Разрыв произошел давно, Российское государство со времен Петра Великого строилось героическими рывками через великие реформы и революции, каждый раз вступая в острый конфликт с устоявшимися укладами. В самой первой лекции цикла «Бесед о русской культуре» Юрий Лотман, описывая петровскую «Табель о рангах», говорил: «…Идеал “регулярного государства”, конечно, никогда не мог быть и не был полностью реализован. С одной стороны, “регулярность” постоянно размывалась живой жизнью, не мирящейся с механическим единообразием, с другой — перерождалась в реальность бюрократическую. И если идеал Петра I вначале имел известные резоны, то очень скоро он породил одно из основных зол и вместе с тем основных характерных черт русской жизни — ее глубокую бюрократизацию».
На протяжении всей нашей истории русский казенный язык становился мишенью для сатириков. В пародии, включенной в «Историю одного города», Салтыков-Щедрин высмеивает слог законов и стремление регламентировать все подряд: «Устав о добропорядочном пирогов печении. 1. Всякий да печет по праздникам пироги, не возбраняя себе таковое печение и в будни.2. Начинку всякий да употребляет по состоянию. Тако: поймав в реке рыбу — класть; изрубив намелко скотское мясо — класть же; изрубив капусту — тоже класть. Люди неимущие да кладут требуху. Примечание. Делать пироги из грязи, глины и строительных материалов навсегда возбраняется…»
Салтыков-Щедрин знал о предмете не понаслышке: долгие годы он провел на госслужбе, уже после публикации едких «Губернских очерков» был назначен рязанским и позже тверским вице-губернатором. Кстати, много писал в это время.
Бандитско-чиновничий
Читая тексты законов, лингвисты находят в них столько ошибок, что даже пытаются их систематизировать. Автор книги «Русский язык на грани нервного срыва» Максим Кронгауз может называть их, не останавливаясь.

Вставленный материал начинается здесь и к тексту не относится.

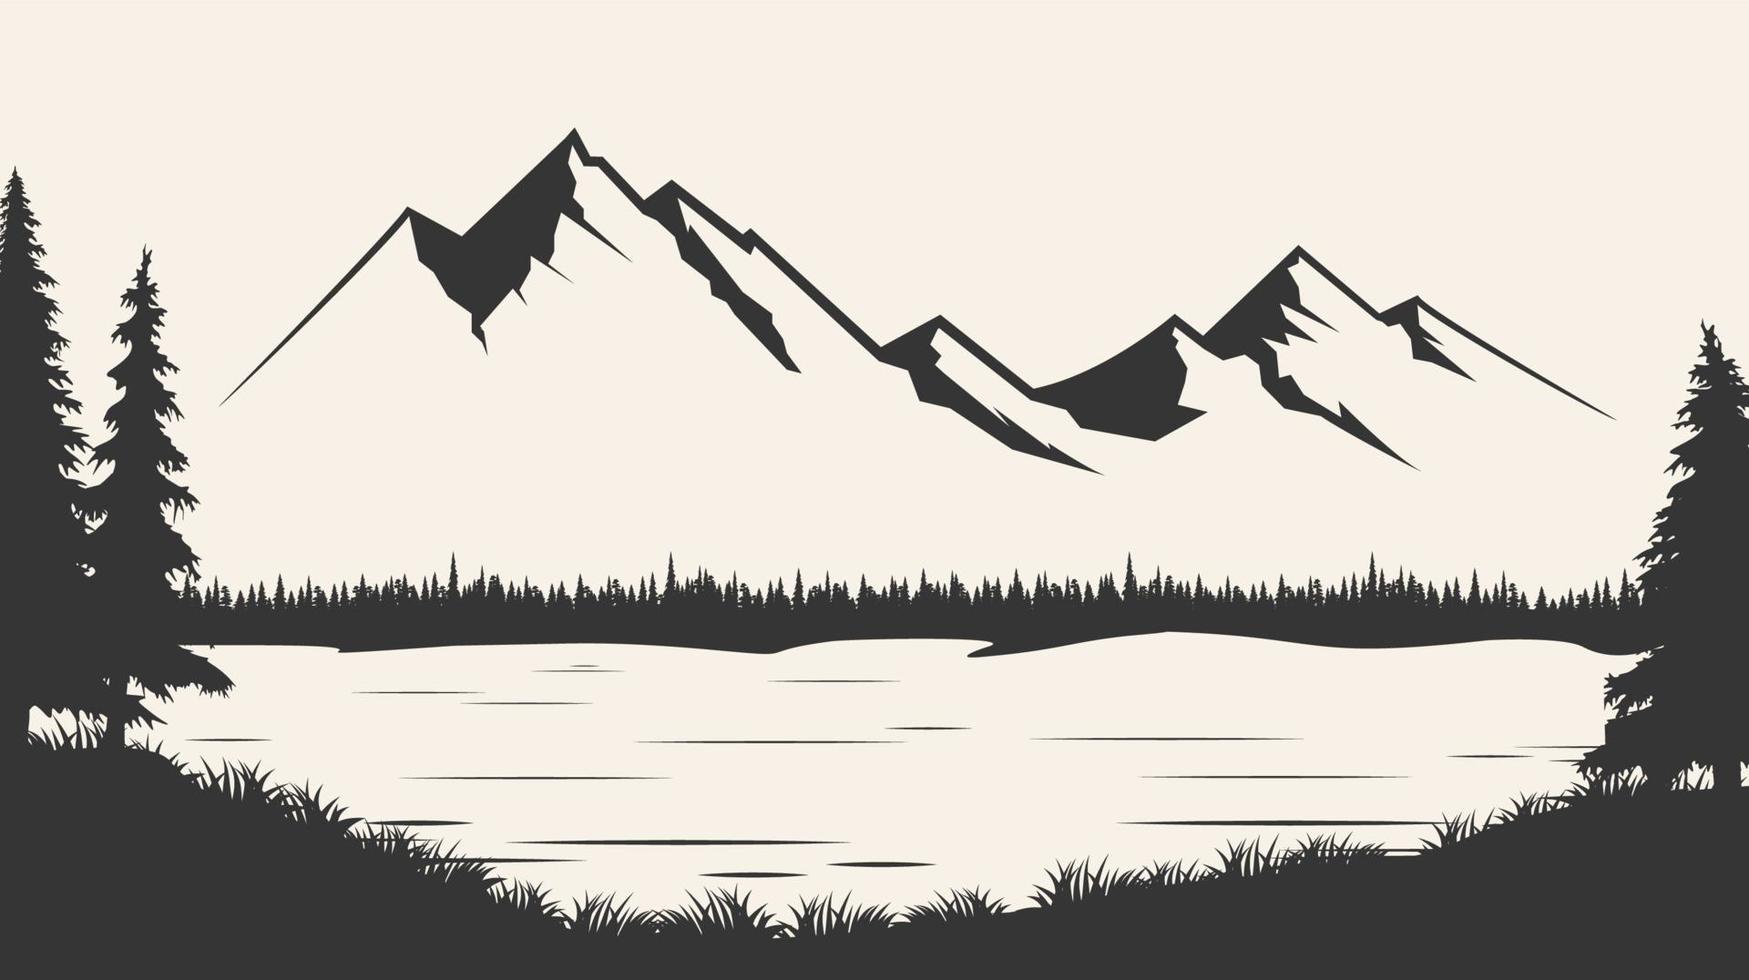 Mountains vector.Mountain range silhouette isolated vector illustration. Mountains silhouette

— Предлог «согласно» употребляется с родительным падежом, тогда как обычно он требует дательного. Замена глагола на отглагольное существительное плюс зависимые глаголы — это прием усложнения, вместо одного слова используются как минимум два. Усложненный синтаксис — использование причастных и деепричастных оборотов и придаточных предложений. Предложение превращается в шкатулку, в которой прячется другая, а в ней следующая, и так далее. Да причем шкатулка такая, что очень часто теряется нить, потому что непонятно, что с чем связано. Не соблюдаются стандартные правила. Деепричастный оборот должен зависеть от субъекта действия, но субъект часто теряется. «Подъезжая к городу, нашлось тело». Это происходит потому, что употребляются сложные обороты, и задача — нанизывать их на предложение как можно больше.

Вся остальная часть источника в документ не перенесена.